# Work request
All lines from the one containing "吐等不适,由家人送本院就诊,查x线片提示左尺桡骨远端骨折并骨骺损伤" through the end of the material are to be given back exactly, without pictures.
START Provided data
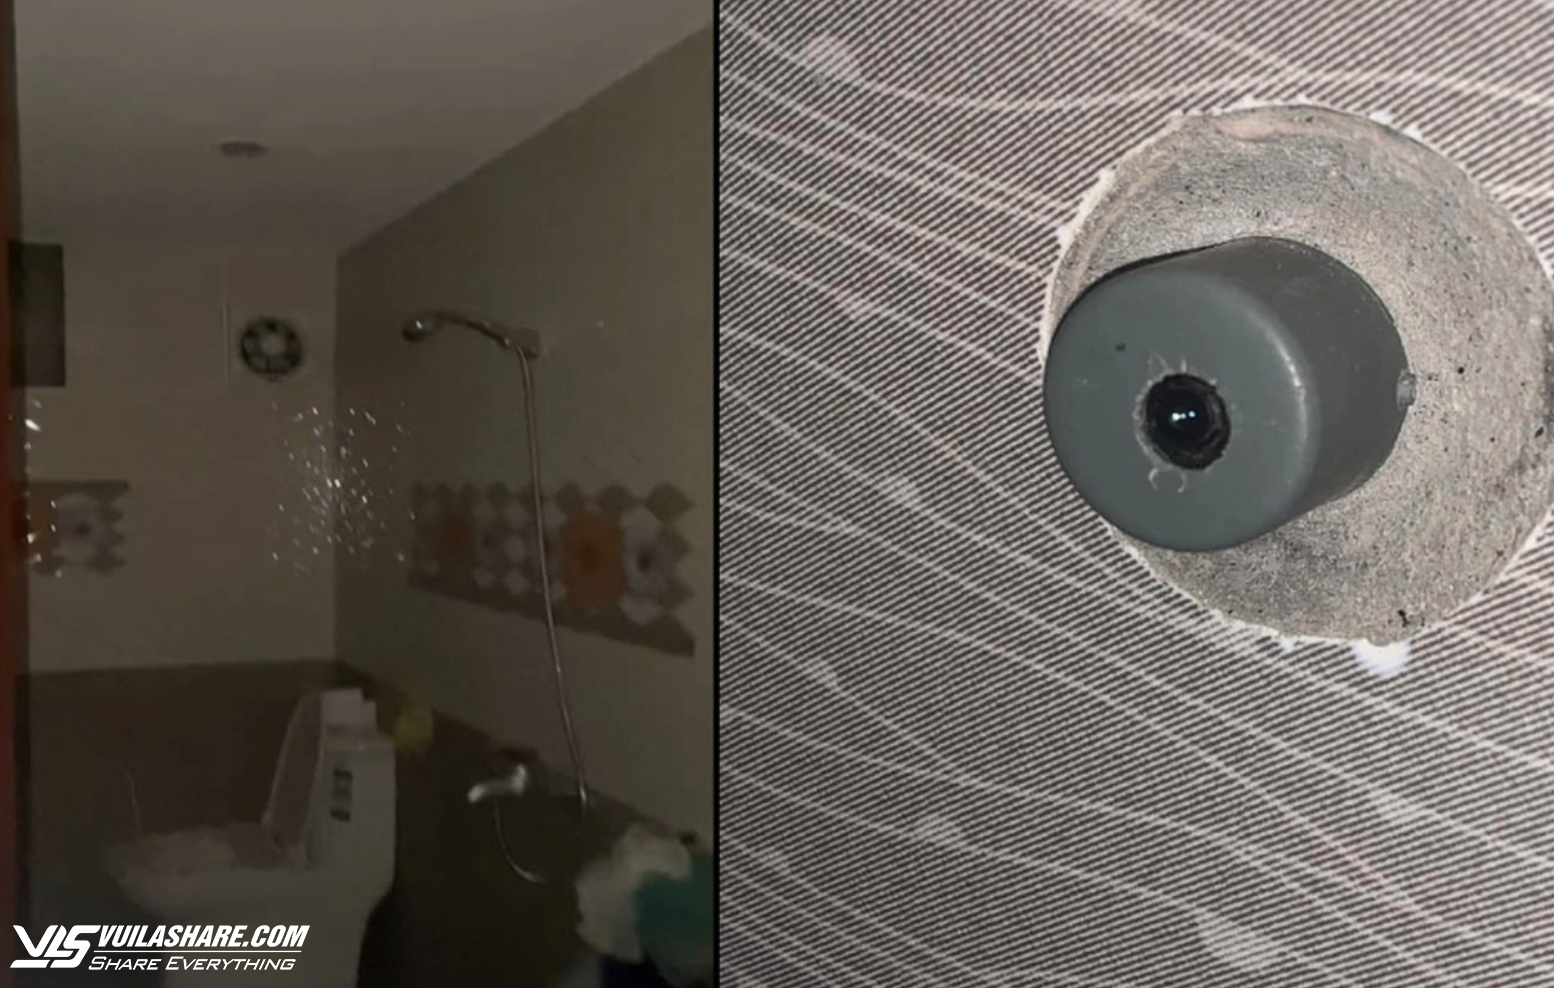 Nữ sinh phát hiện chủ nhà trọ lắp camera quay lén trong phòng tắm- Ảnh 1.
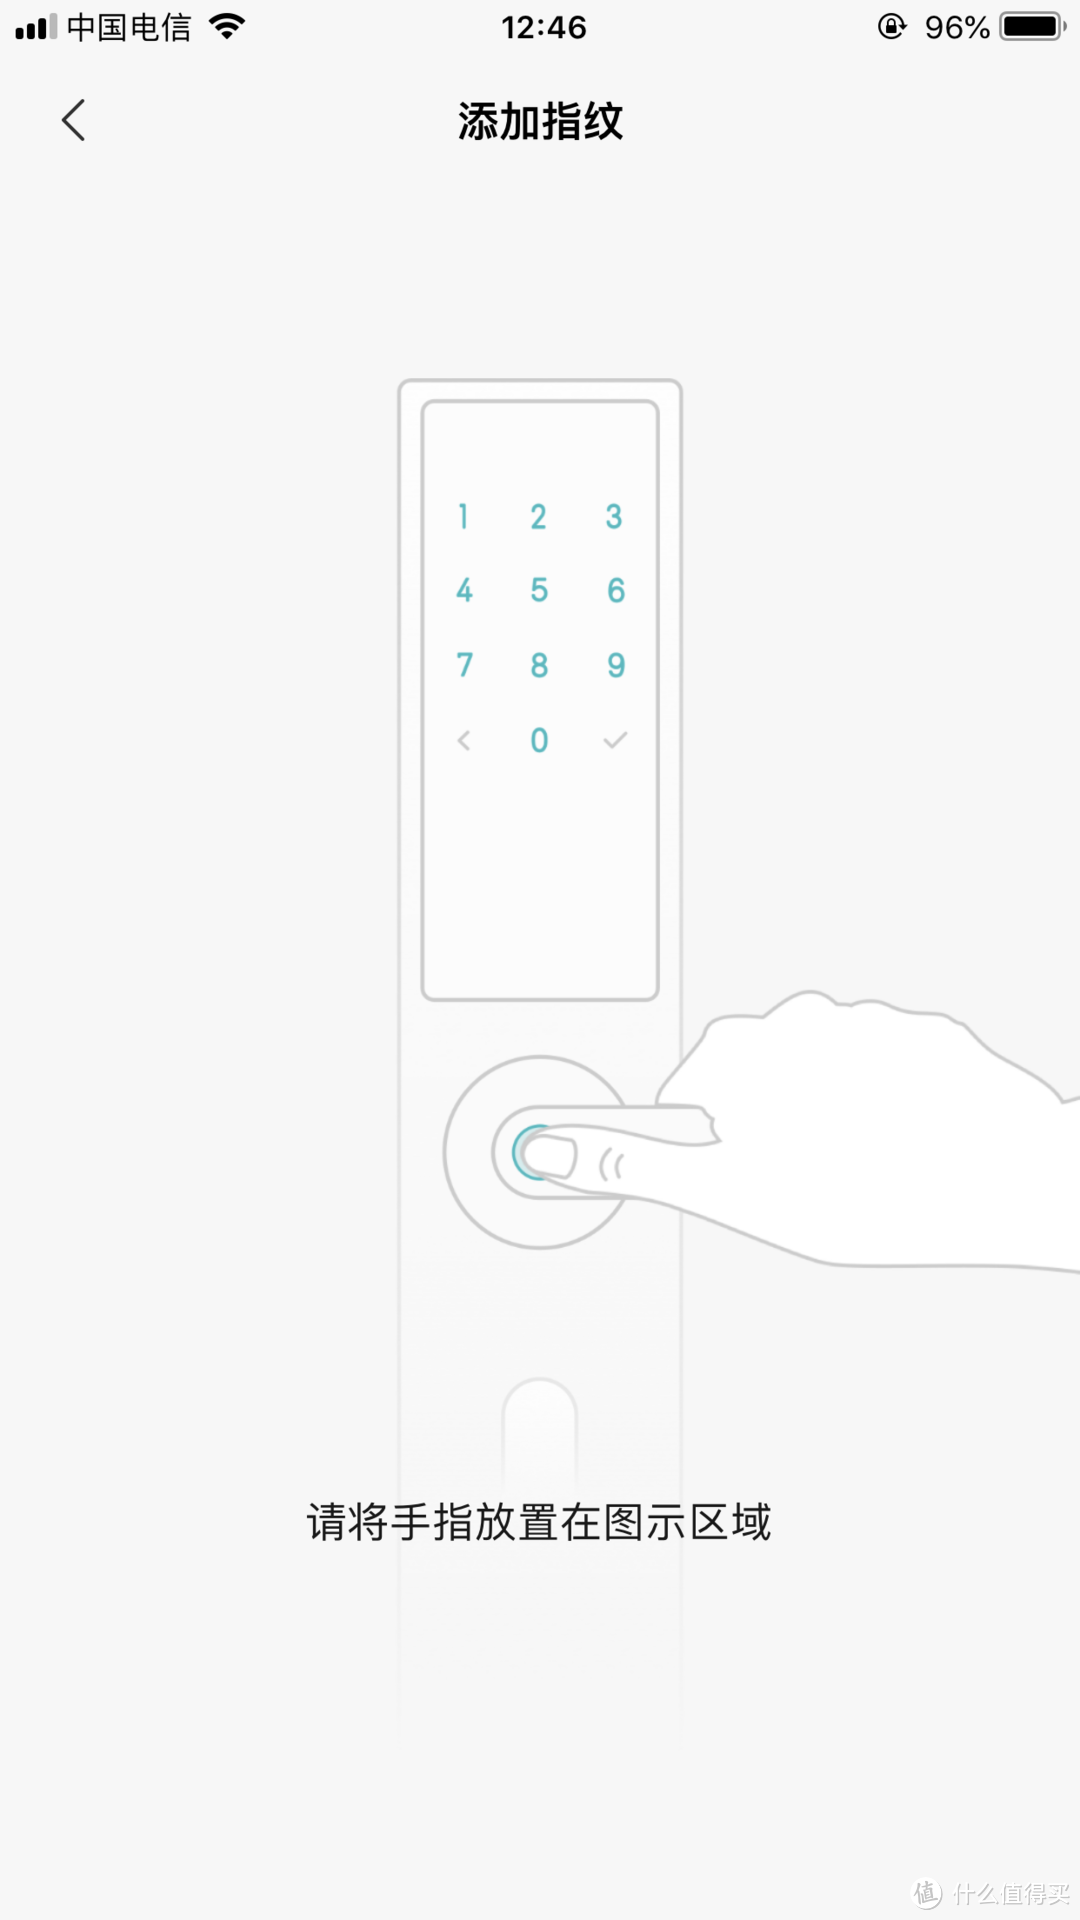 按门锁的指纹感应区域，根据提示可以添加指纹
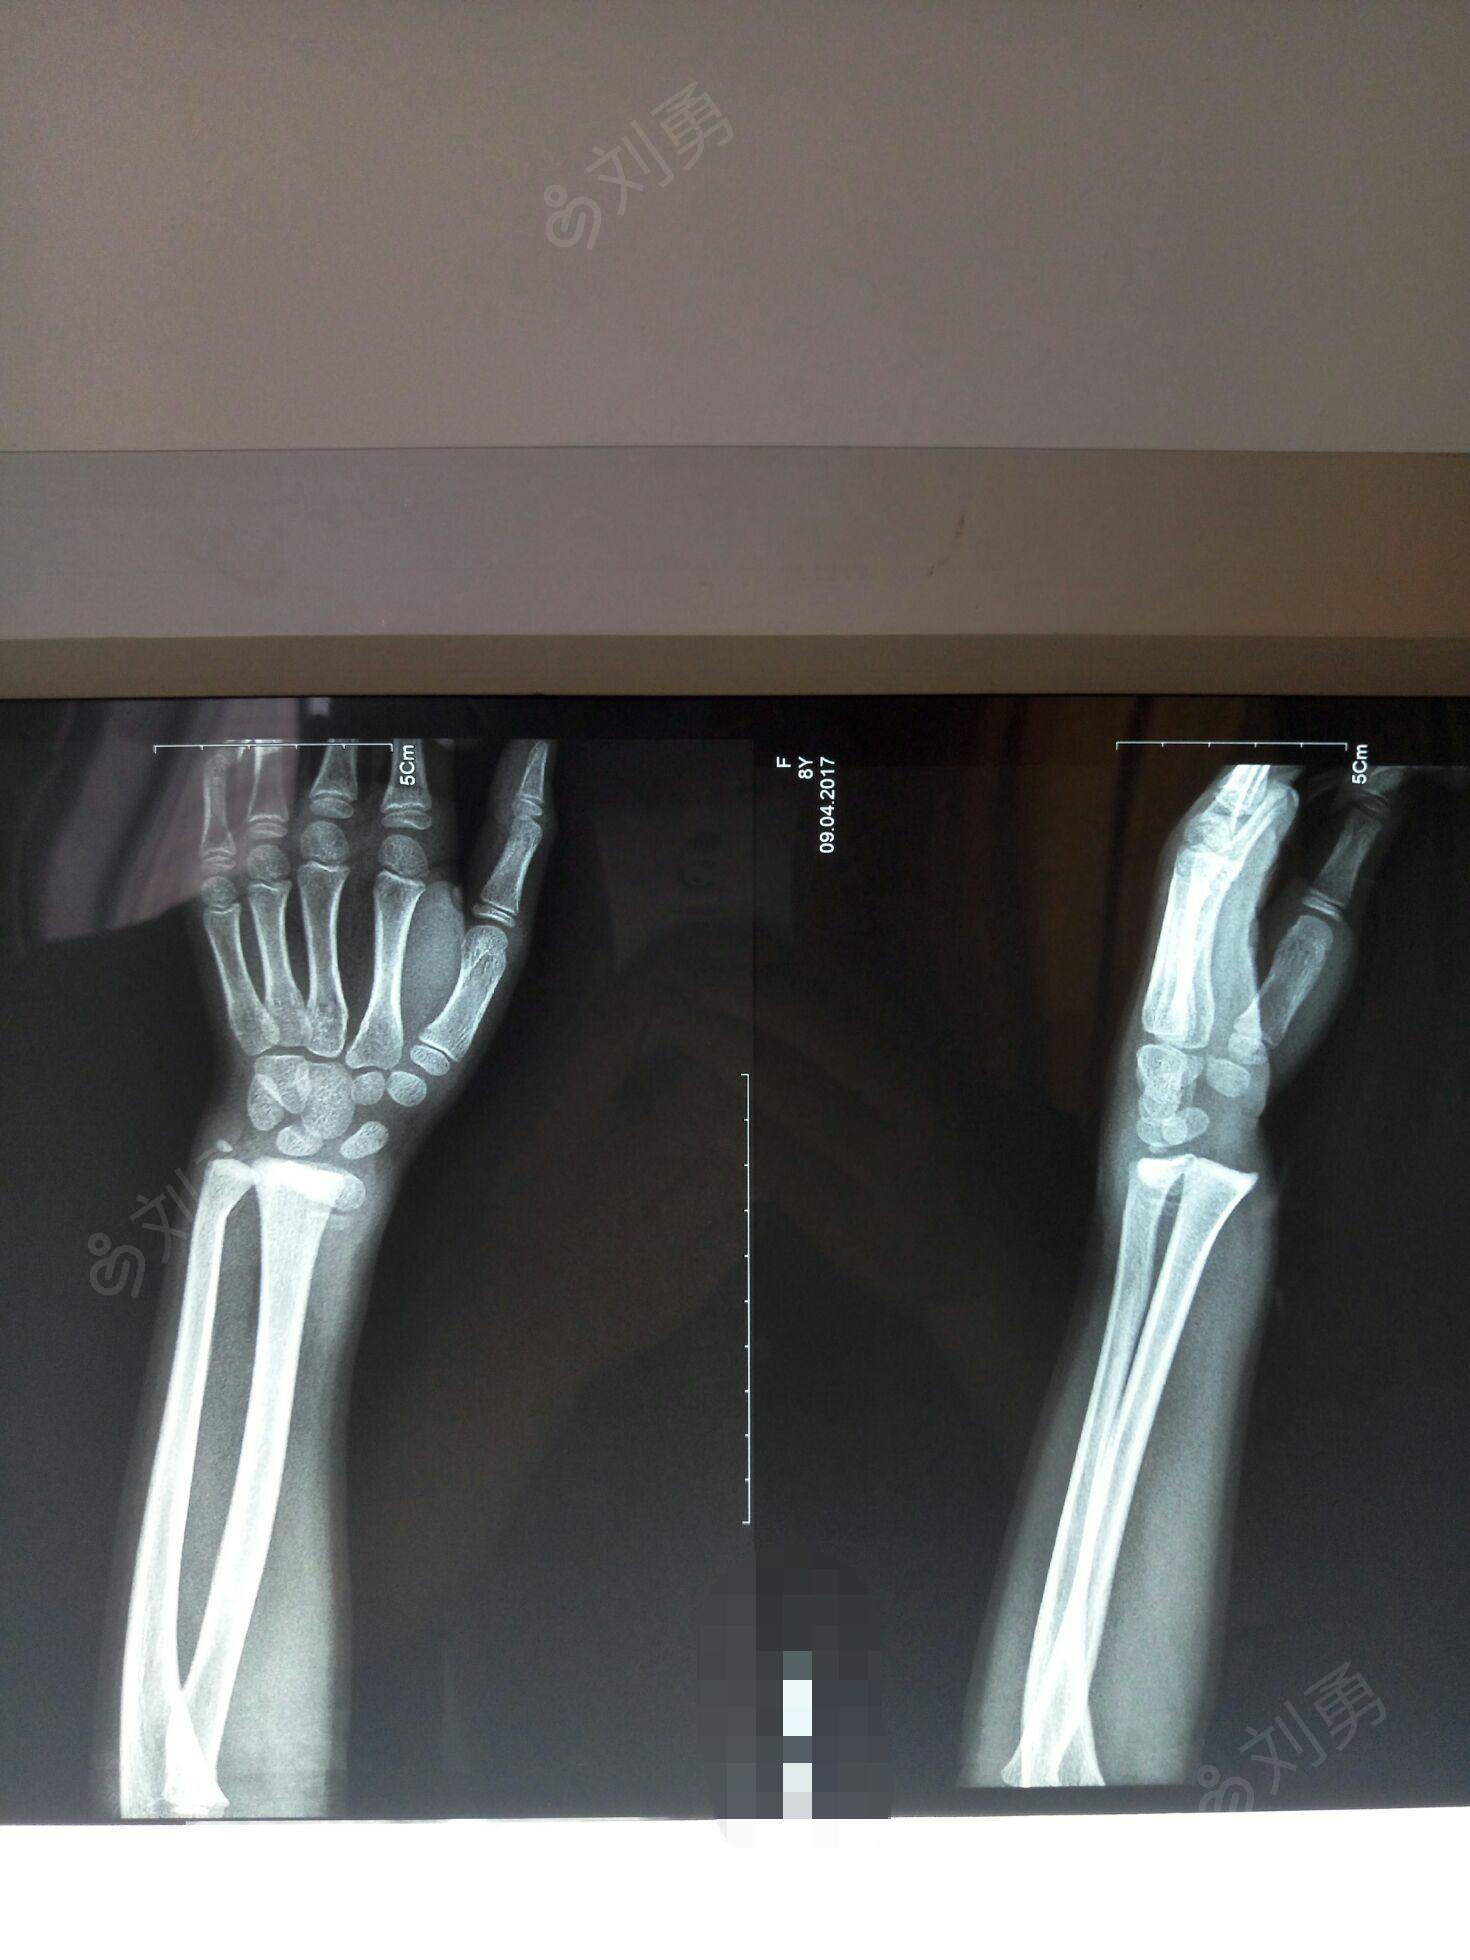 吐等不适,由家人送本院就诊,查x线片提示左尺桡骨远端骨折并骨骺损伤
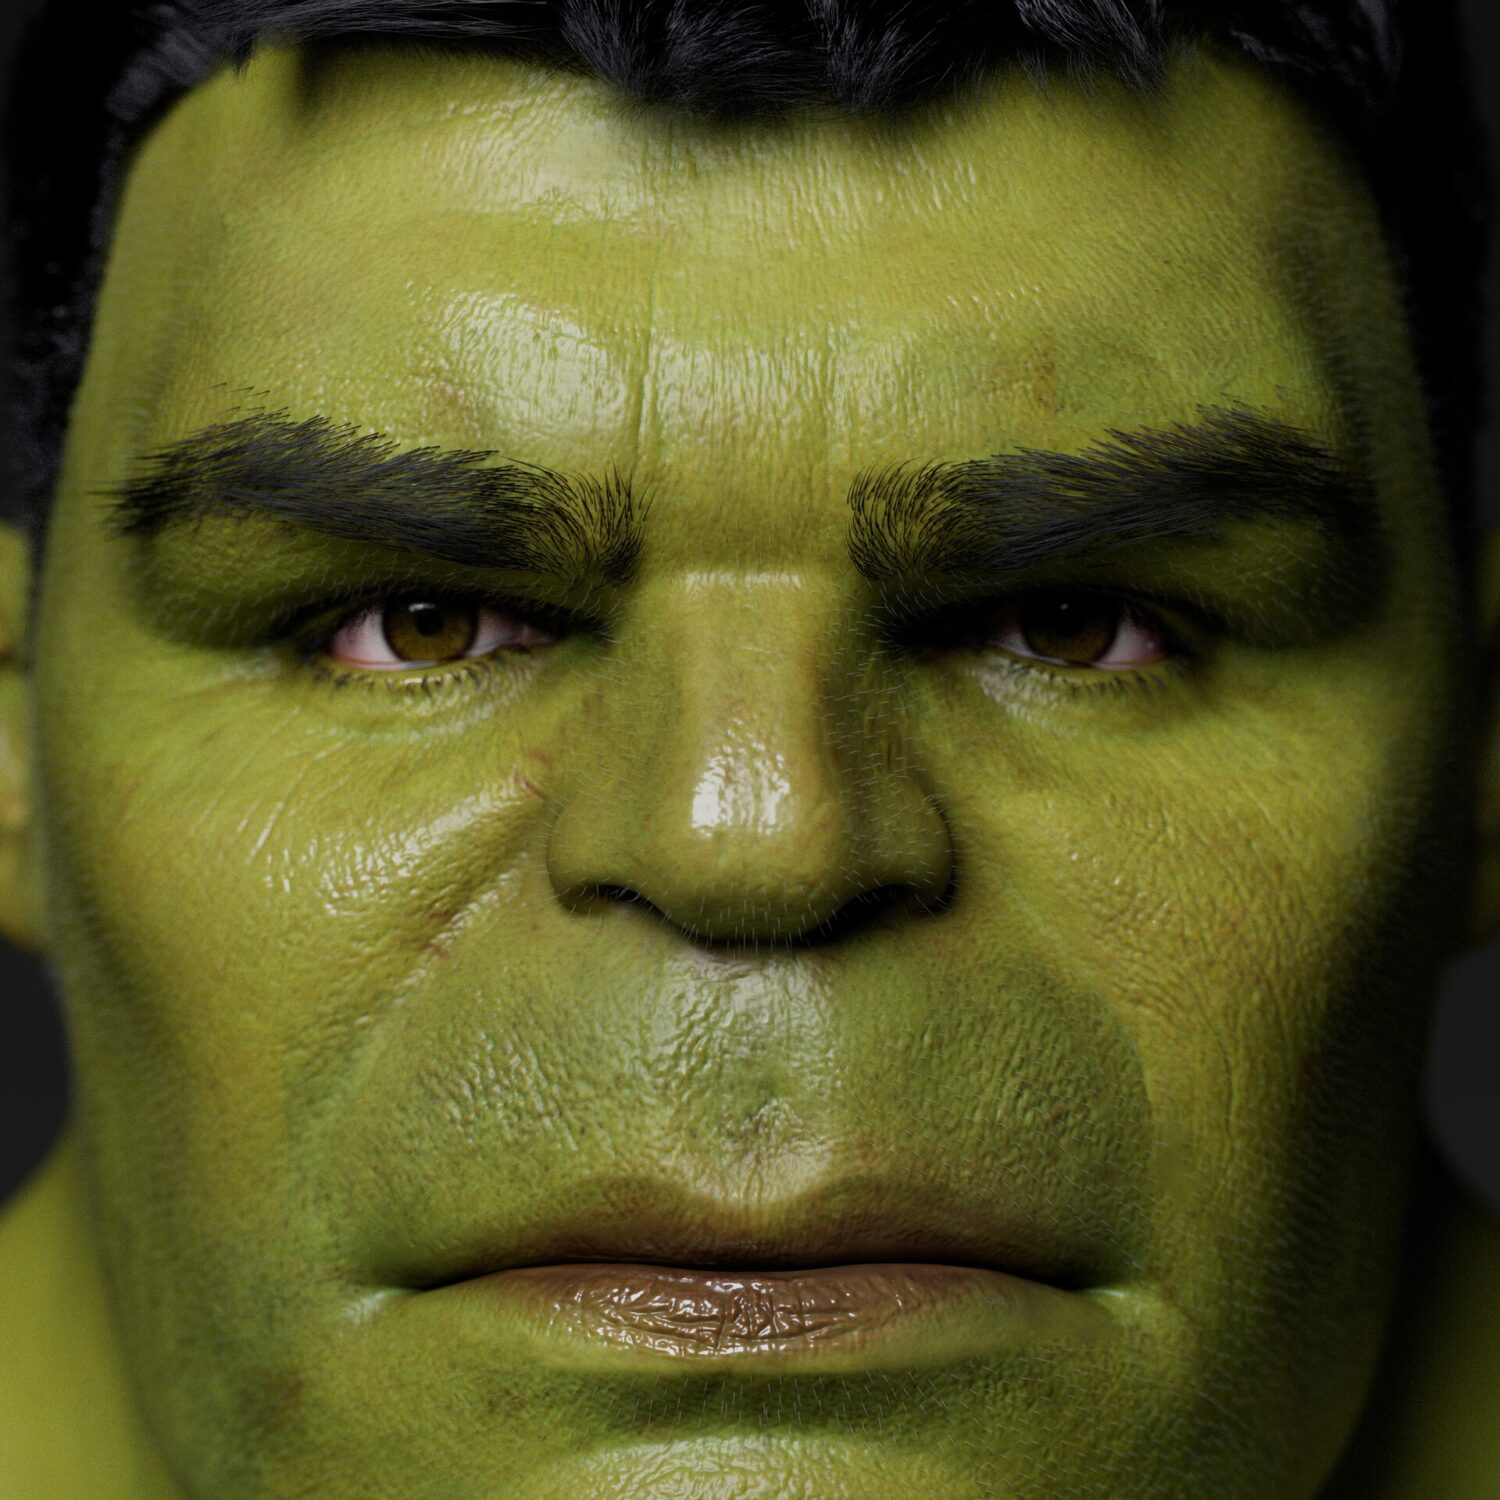 Hulk Hulk Hulk
END Provided data
# Output below
 吐等不适,由家人送本院就诊,查x线片提示左尺桡骨远端骨折并骨骺损伤
 Hulk Hulk Hulk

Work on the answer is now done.